Part 1 of 4 in our series on PathBlock extensions.

Series: PathBlock Extensions

  1. Introduction to PathBlocks (this post)
  2. Exploring Parametric Sampling
  3. Fillets and Chamfers
  4. Boolean Operations

If you build parametric SVGs, icon systems, or generative art, you've felt the friction: repeating the same shapes at different positions means copy-pasting <path> elements, tweaking d attributes, adjusting coordinates. PathBlocks solve this by capturing relative path commands as first-class values that you can draw, position, transform, and compose.

What Is a PathBlock?

A PathBlock is a reusable fragment of SVG path commands.
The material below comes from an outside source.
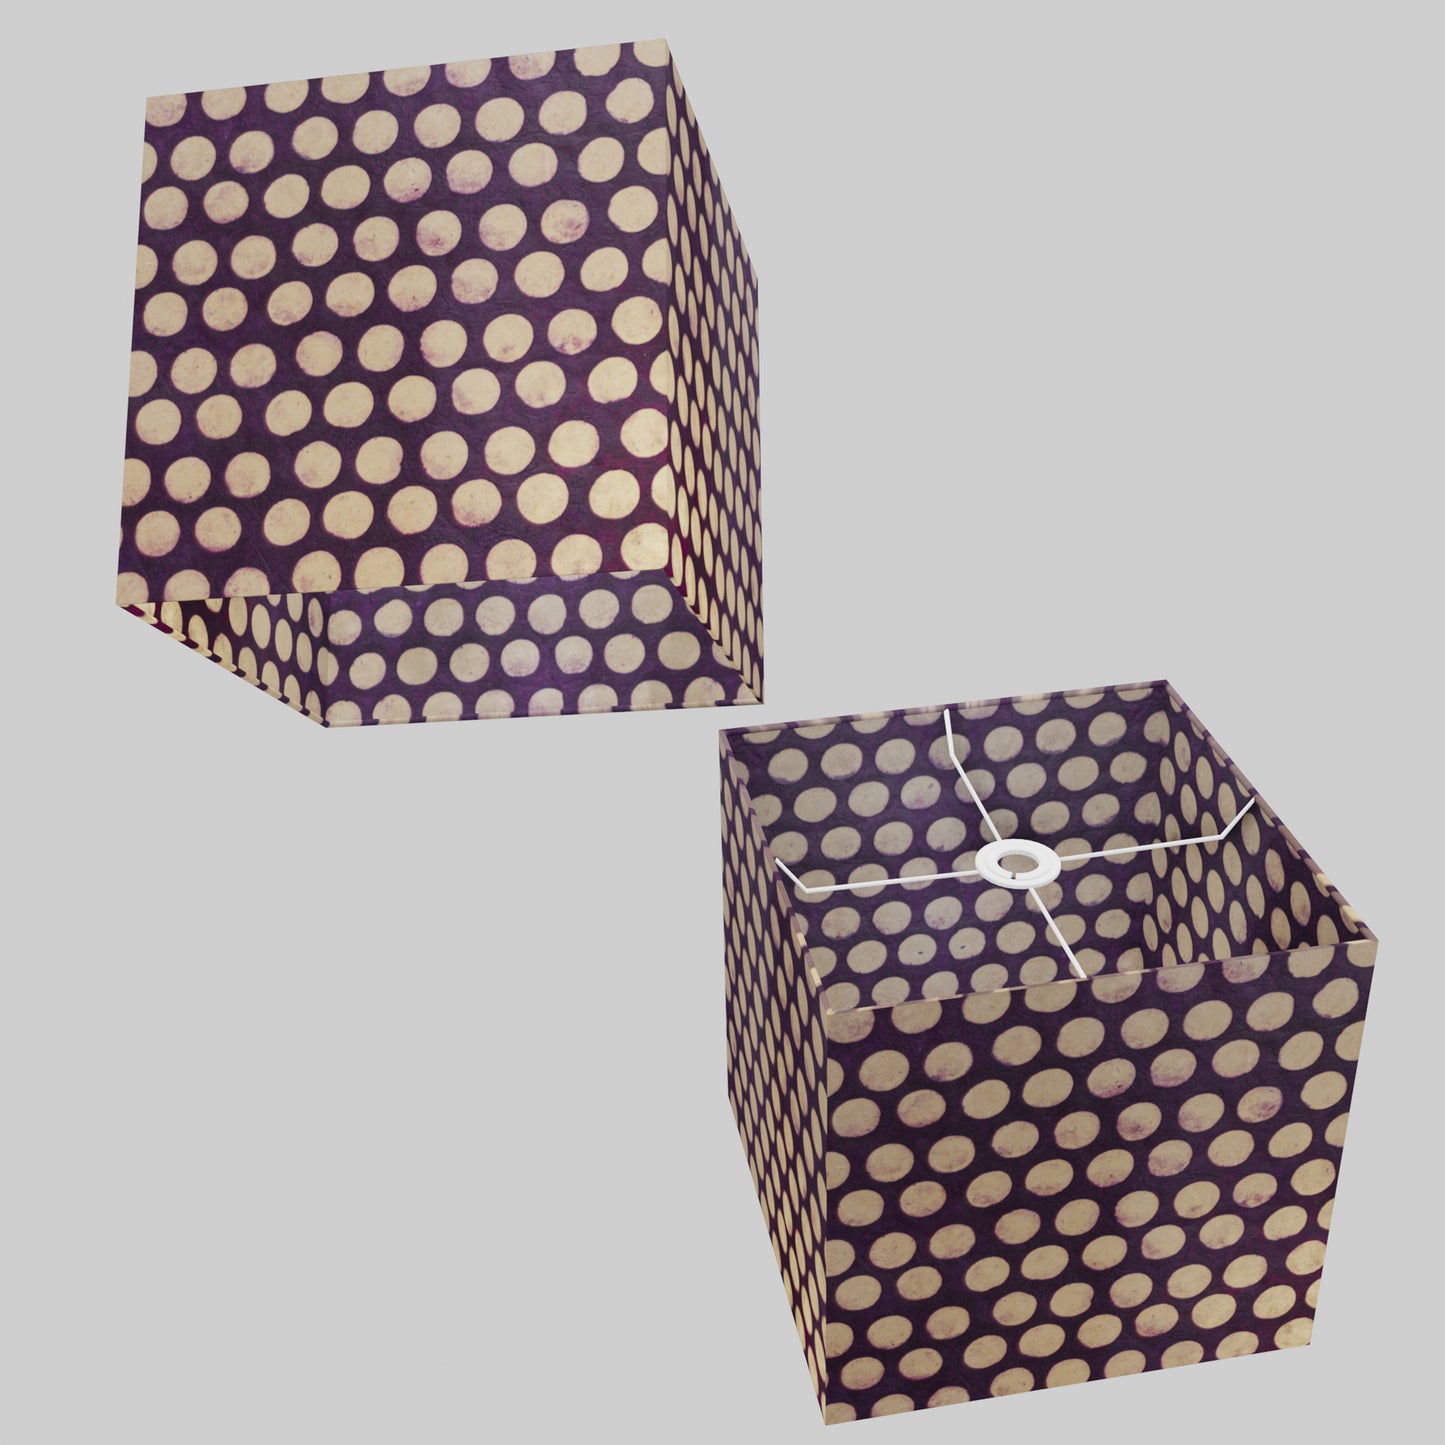 Square Lamp Shade - P79 - Batik Dots Purple, 30cm(w) x 30cm(h) x 30cm(d)

You define one with the @{ ... } syntax, and the commands inside are stored as relative offsets from an implicit (0, 0) origin. The block doesn't draw anything on its own — it's a template waiting to be placed.

let arrow = @{
  h 40
  l -10 -8
  l 0 5
  h -30
  v 6
  h 30
  l 0 5
  l 10 -8
};

This captures a small arrow shape. The commands are relative (h, l, v), so they describe the shape's geometry without committing to a position. See the full PathBlock syntax documentation for details.

The anatomy diagram below shows a PathBlock's structure: the green crosshair marks the (0, 0) origin, red dots mark .vertices, the dashed yellow rectangle shows .bounds, and the purple arrows indicate path direction.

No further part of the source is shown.